Даже как-то и обижаться начинаешь на автора, который, судя по всему, и читателя своего относит к разряду «сиволапых отечественного закваса». А обидевшись, думаешь: хорошее дело затеял автор – напомнил читателю о выдающемся соплеменнике, воздал ему должное, отряхнул пыль со славного имени. Да только каково значение этого труда для отечественной словесности, а точнее – для художественной литературы? Именно художественной литературы, а не очеркистики и не журнала «Караван историй». Ведь для изящной словесности и кровавых крестов, и коварных масонов, и плавающих гробов – ей-богу, маловато будет!

Помимо всего сказанного, можно было бы пуститься в рассуждения о том, насколько хорошо удалось автору передать колорит эпохи и о том, какова авторская версия перипетий в судьбе музыканта. Но это значило бы согласиться с тем, что любой текст, написанный кем попало и как попало, имеет право называться литературой и претендует на то, чтобы стать предметом анализа.

Некто, как, например, приснопамятный писатель-середнячок из группы «Стальное вымя», напишет: «Инда взопрели озимые , рассупонилось солнышко, расталдыкнуло свои лучи по белу светушку. Понюхал старик Ромуальдыч свою портянку и аж заколдобился» . И тут соберутся литературоведы и станут ломать головы: «Насколько точно удалось автору передать колорит сельского быта? Удалось ли выявить причины внезапных перемен, произошедших в сознании пожилого человека?»

В селе Горюхине тоже был, помнится, некто Терентий, умевший писать «не только правою, но и левою рукою» . Умер он в глубокой старости, когда учился писать правой ногой…

А ну как все начнут писать, как кому в голову взбредёт? И тогда, пожалуй, языковые реформы, которыми совсем недавно чиновники стращали общество, окажутся не нужны – за чиновников всё сделают писатели. Матерщиной на бумаге уже никого не удивишь, теперь вот «взопрели озимые», а там глядишь – «пишется, как слышится» или «долой падежи». Русский язык – штука сложная – есть, где разгуляться.

Душой болея премного за словесность российскую, дабы не воспоследовало с нею хуже того, что уже случилось, оставляю сие сочинение свое на рассмотрение читателям и труждающимся в словесных науках, дабы и оные суждение могли вынести.

 

«ОДНА ИЗ ТЕМНОТ»

Ольга Славникова. «Лёгкая голова». «Знамя», №№ 9-10, 2010. М.: АСТ , Астрель , Харвест , 2011. – 416

«Наши девушки целомудренны, а многие невинны».
О. Славникова «Лёгкая голова»

«Большая книга» вновь порадовала отечественного читателя блестящим, как павлиний хвост, веером имён финалистов премии.
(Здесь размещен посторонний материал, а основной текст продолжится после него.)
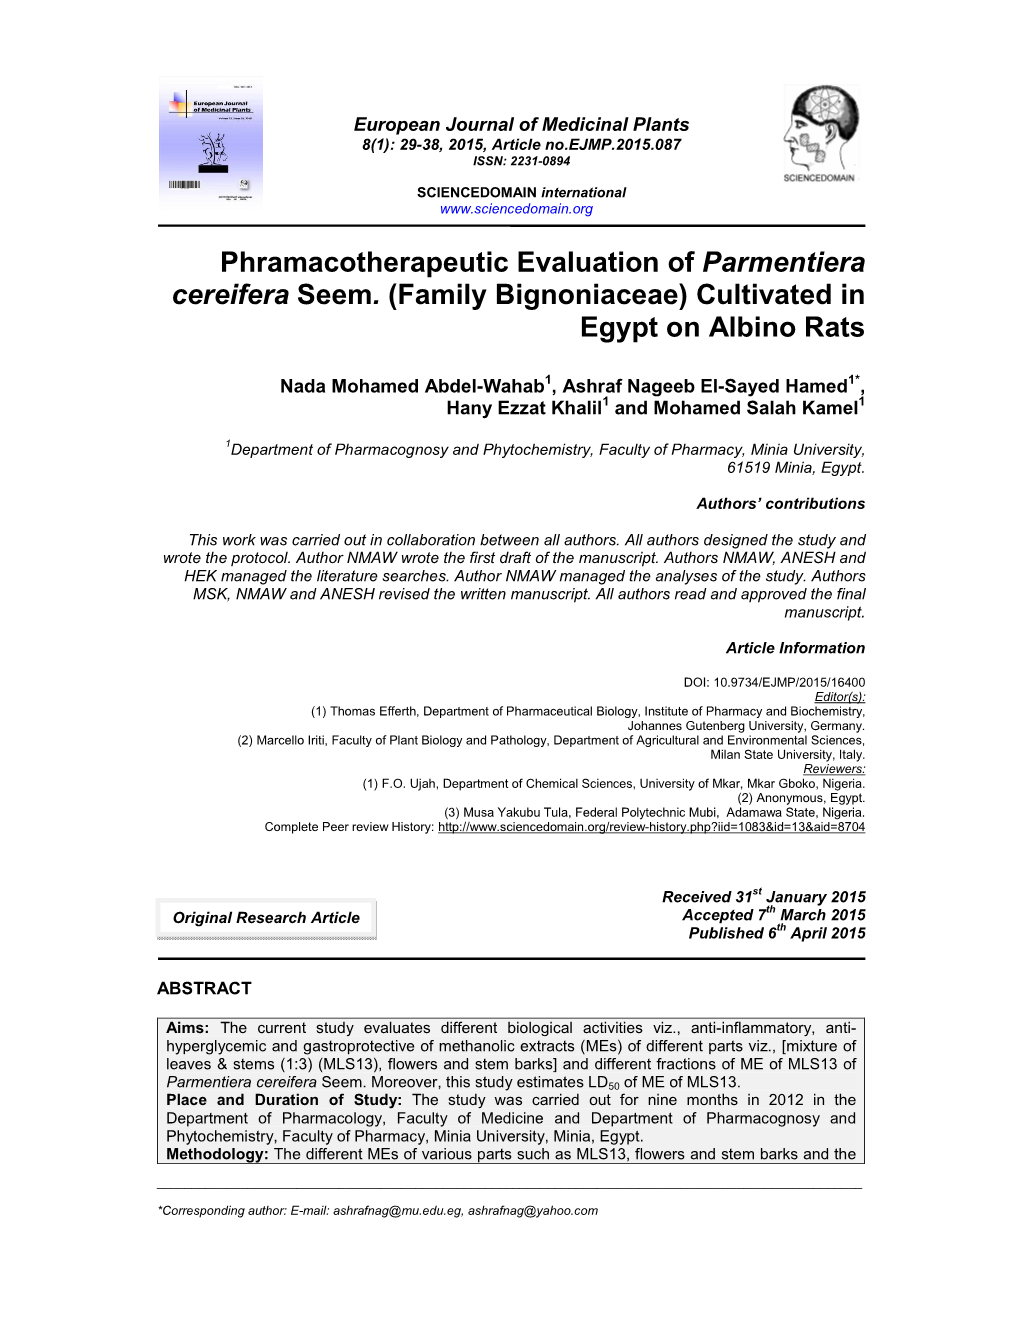 Phramacotherapeutic Evaluation of Parmentiera Cereifera Seem. (Family Bignoniaceae) Cultivated in Egypt on Albino Rats

Имён тех, кто, вне всяких сомнений, способен, как сказано на сайте премии, «внести существенный вклад в художественную культуру России» . Но объять необъятное невозможно. А потому речь пойдёт лишь об одном из славных авторов, на которых ныне устремлены в надежде глаза соотчичей.

Роман Ольги Славниковой «Лёгкая голова» – это настоящий клад для критика, и если записывать всё, что просится по поводу этого произведения на бумагу, то выйдет, пожалуй, отдельная книга, сопоставимая по объёму с самим романом. И композиция, и язык, и каждый отдельно взятый эпизод – всё это вопиет к критику, словно котята к тёте-кошке в известной сказке «Кошкин дом». Но дабы никого не утомлять и не пугать, ограничимся беглым взглядом на одно из лучших произведений современной отечественной словесности. Так, по крайней мере, предлагают нам думать те, кто присуждает премию «Большая книга».
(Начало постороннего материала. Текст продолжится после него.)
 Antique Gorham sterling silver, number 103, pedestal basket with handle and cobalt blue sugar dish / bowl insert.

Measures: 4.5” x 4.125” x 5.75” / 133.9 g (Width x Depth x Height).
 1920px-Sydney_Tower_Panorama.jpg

Роман, вышедший в издательстве «Астрель», печатался перед тем в двух номерах журнала «Знамя». Точно наследуя лермонтовской традиции, сначала была издана вторая (по смыслу и хронологии событий) часть, а уж затем только первая. Вероятно, этой калейдоскопичностью автор хотела заинтриговать читателя. В самом деле, начав читать в предлагаемой последовательности, приходится, чтобы хоть что-то уразуметь, продираться сквозь текст, как сквозь волчцы и терние, подбадривая себя, что, должно быть, очень скоро всё разъяснится. Не может не разъясниться. Когда же, наконец, всё, действительно, разъясняется, понимаешь, почему автор прибегла к такой экстравагантной подаче материала и предложила читать свой роман с конца. Ведь предложи она читать с логического начала, и едва ли кто-то, кроме, разумеется, близких родственников автора, стал бы читать далее третьей страницы – настолько надуман и натянут сюжет, настолько неточен и тяжеловесен язык.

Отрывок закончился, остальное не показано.